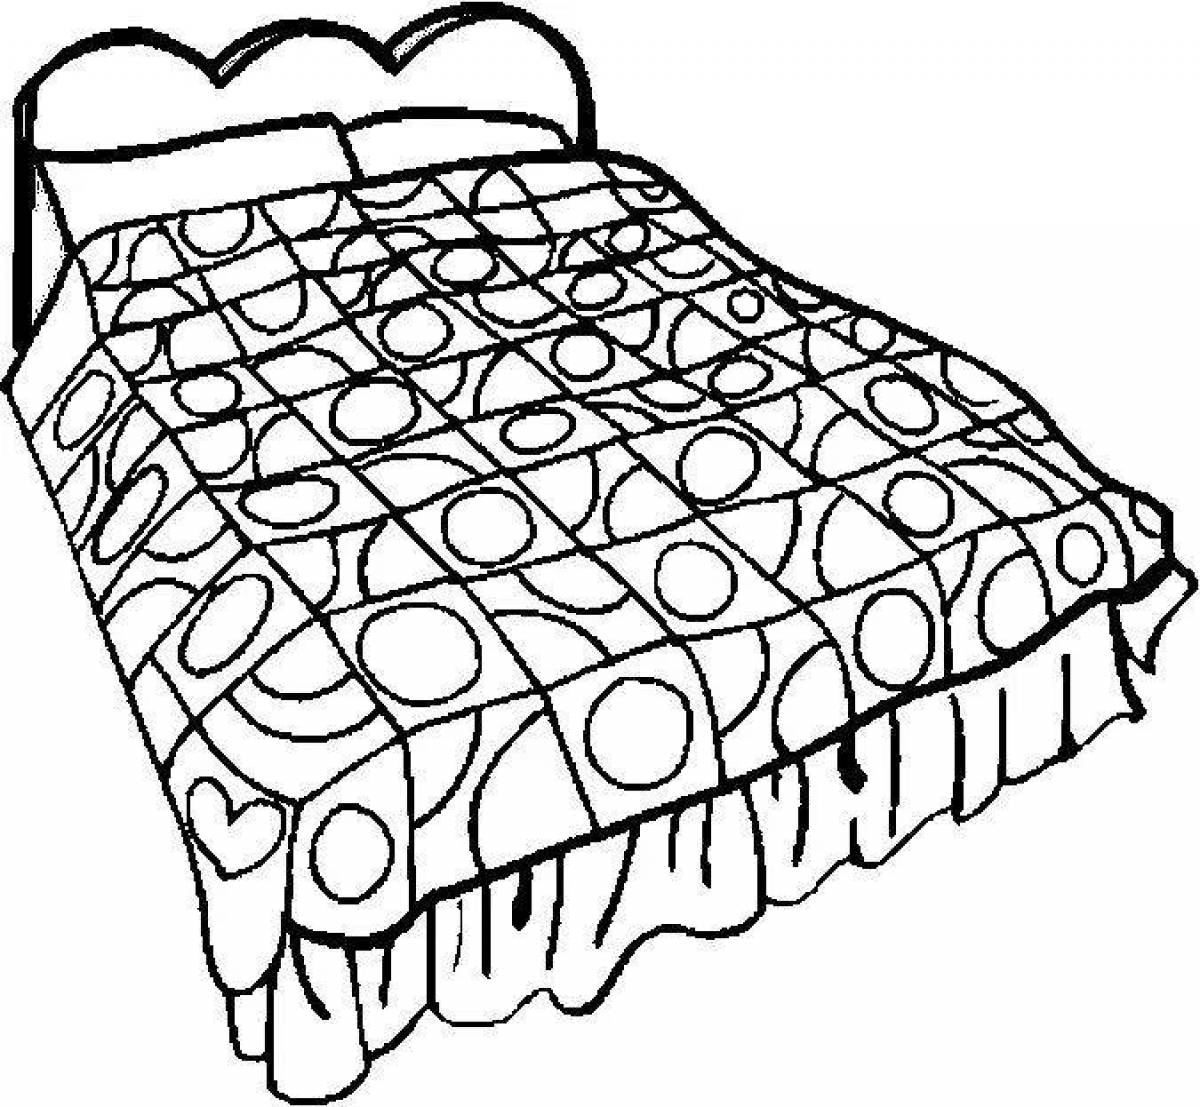 Кровать для раскрашивания
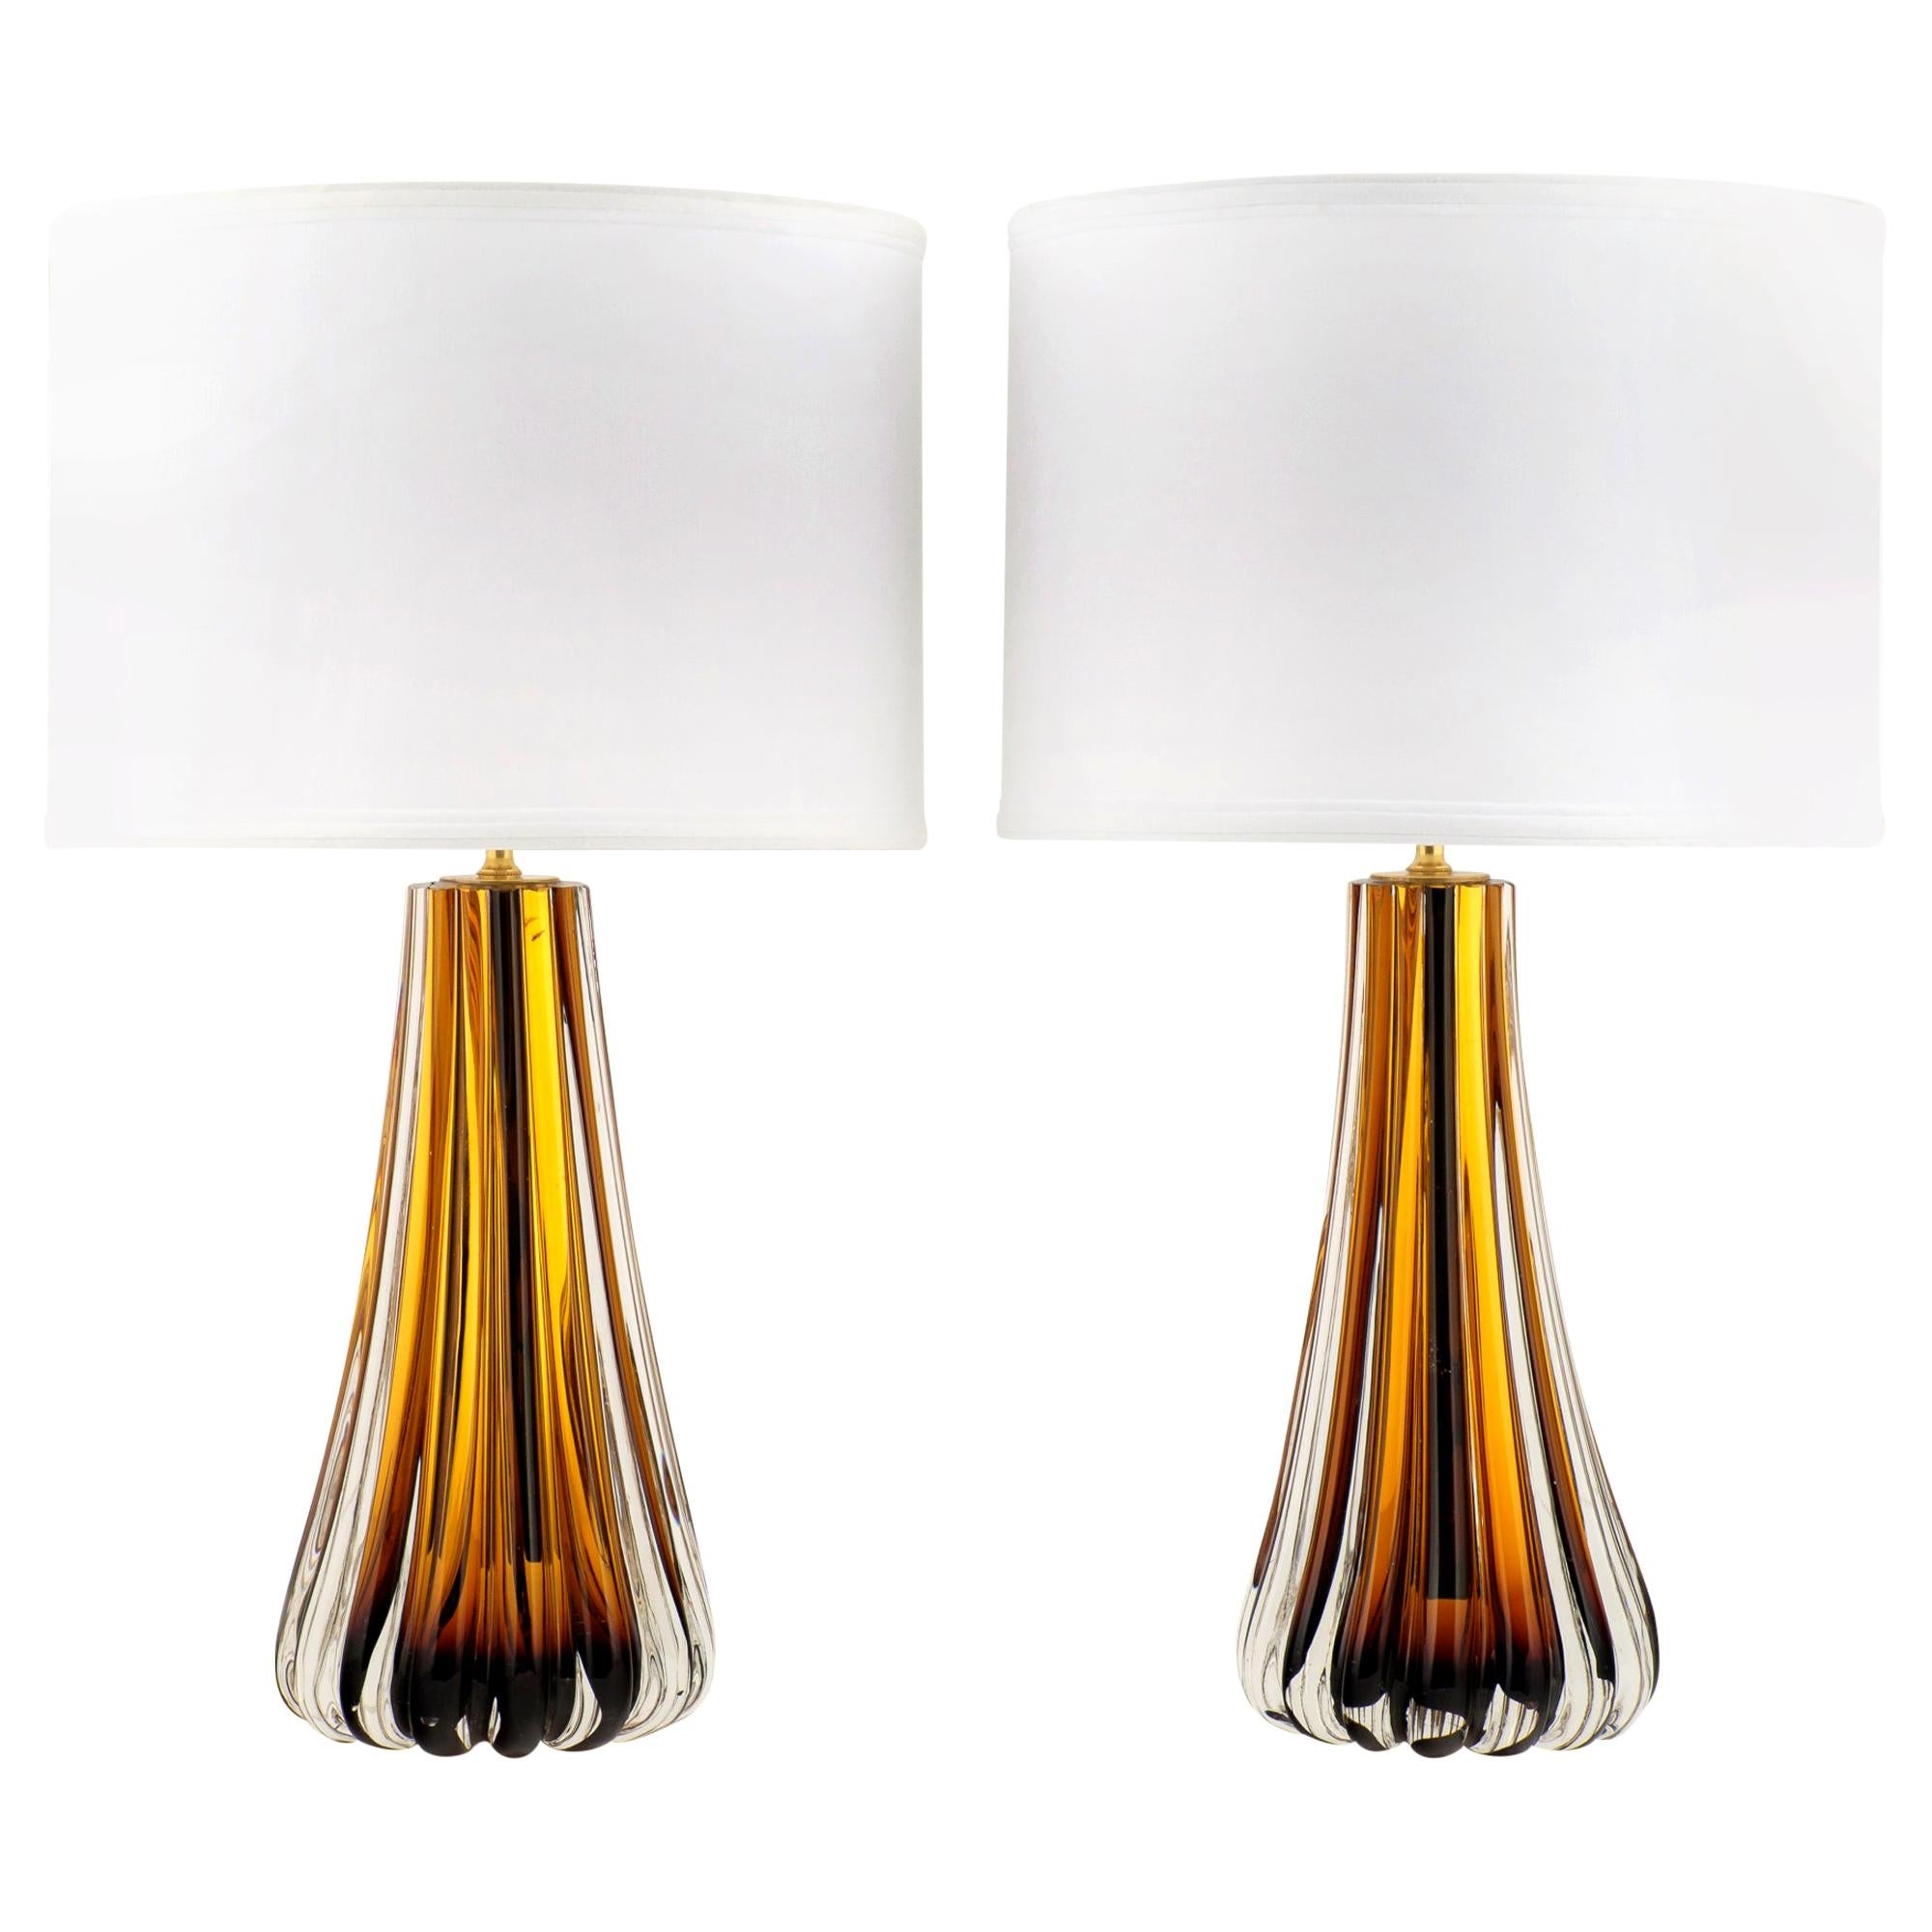 Murano Amber Glass Pair of Lamps
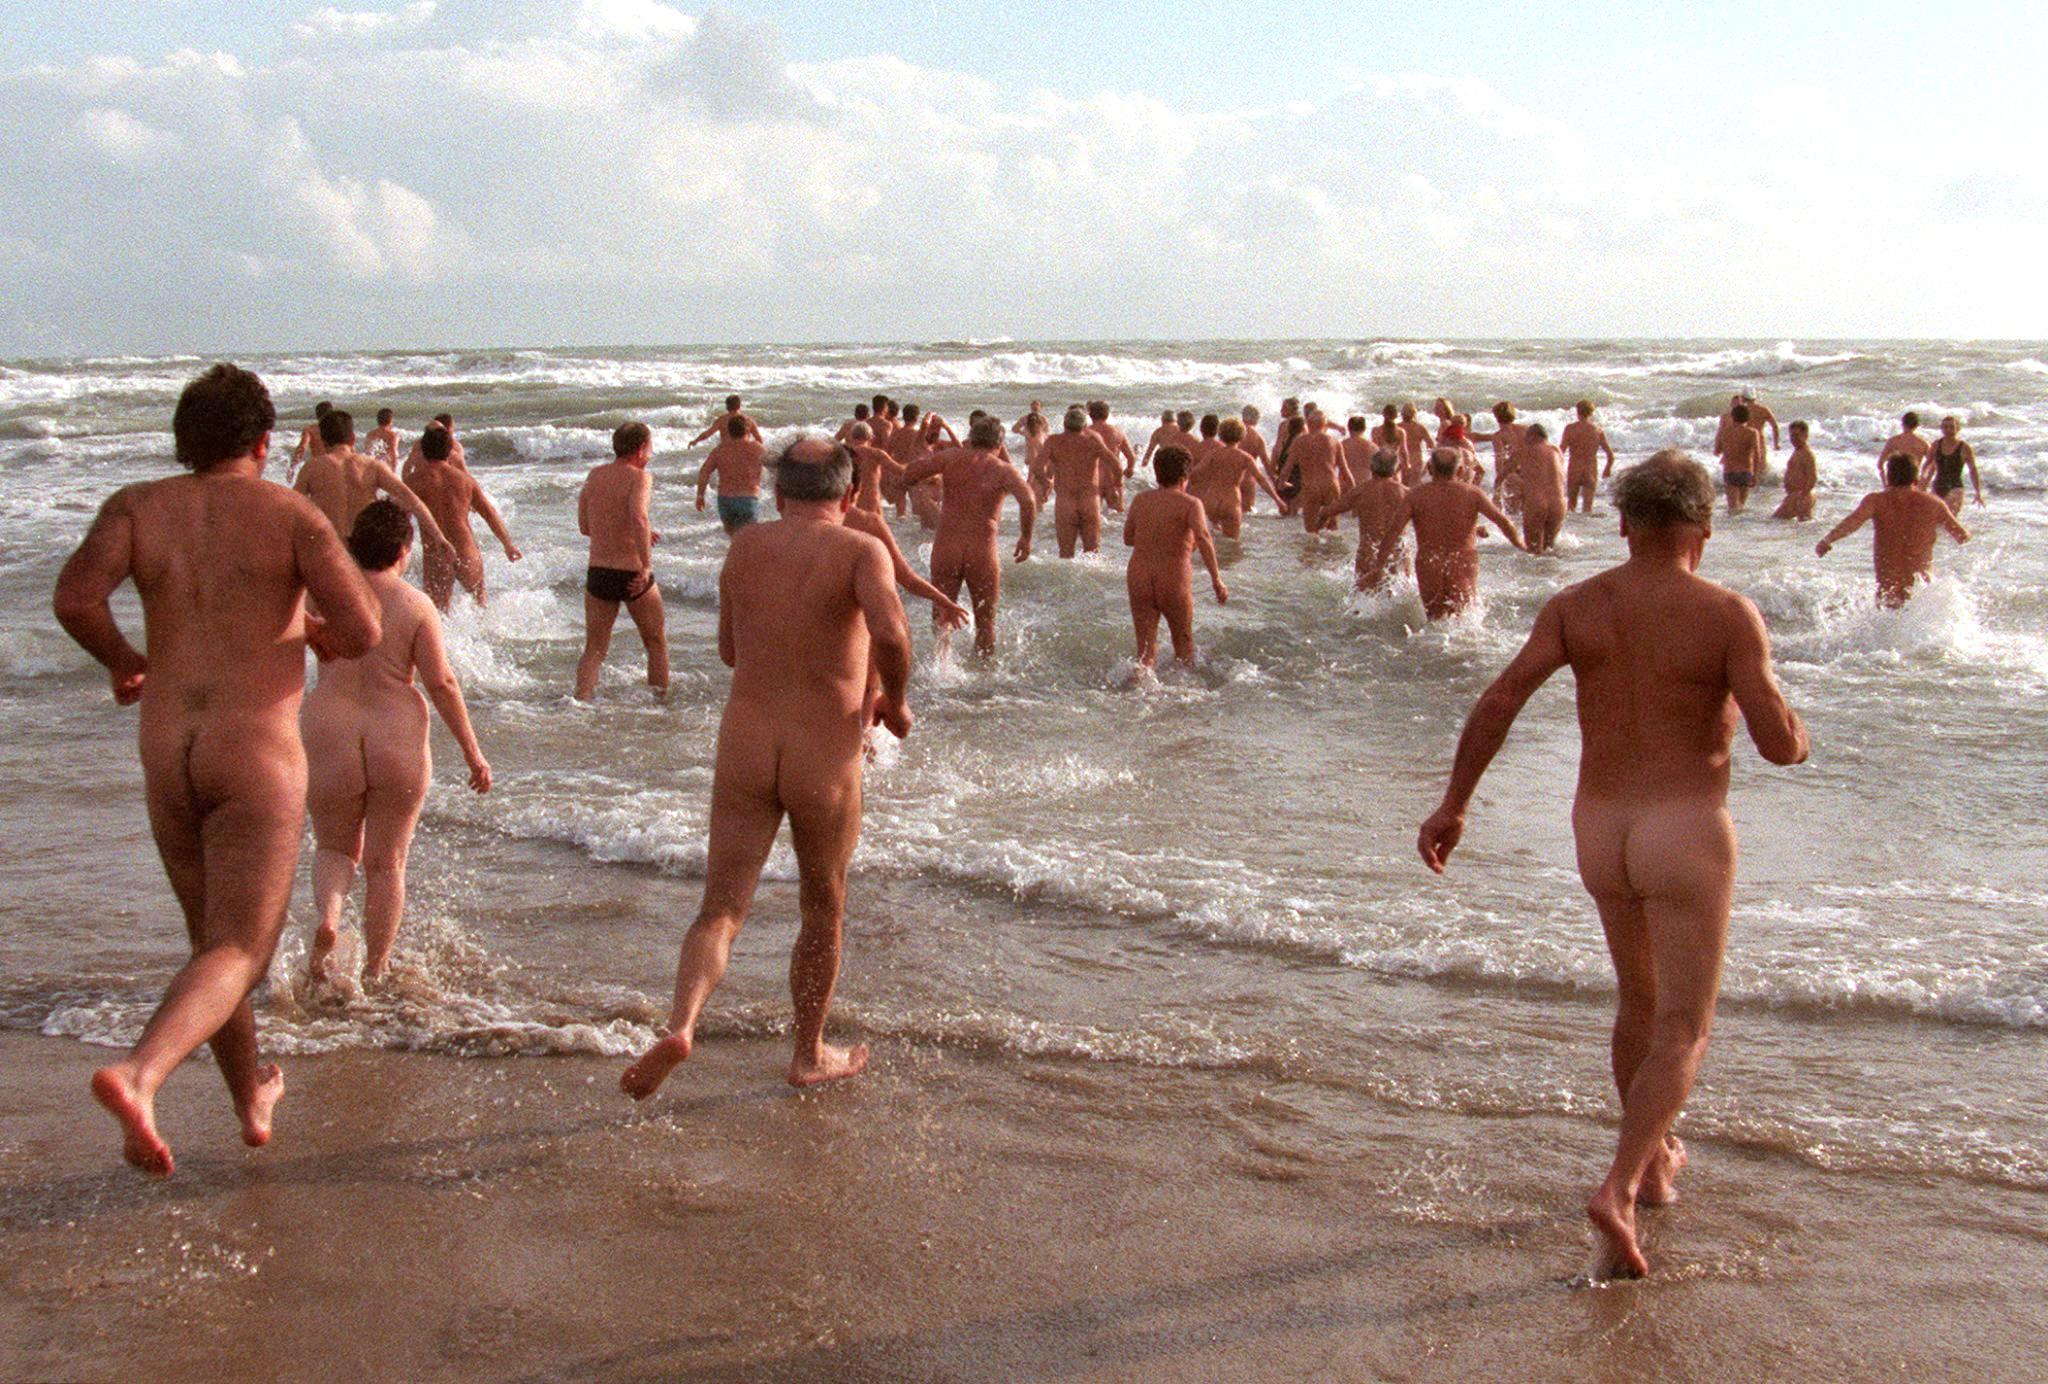 Nudisti: spiagge in Liguria per chi pratica il nudismo

★ ★ ★

Exercise brief:
The data above are to be repeated word for word, with any pictures left out.

Answer to this task:
 Кровать для раскрашивания
 Murano Amber Glass Pair of Lamps
 Nudisti: spiagge in Liguria per chi pratica il nudismo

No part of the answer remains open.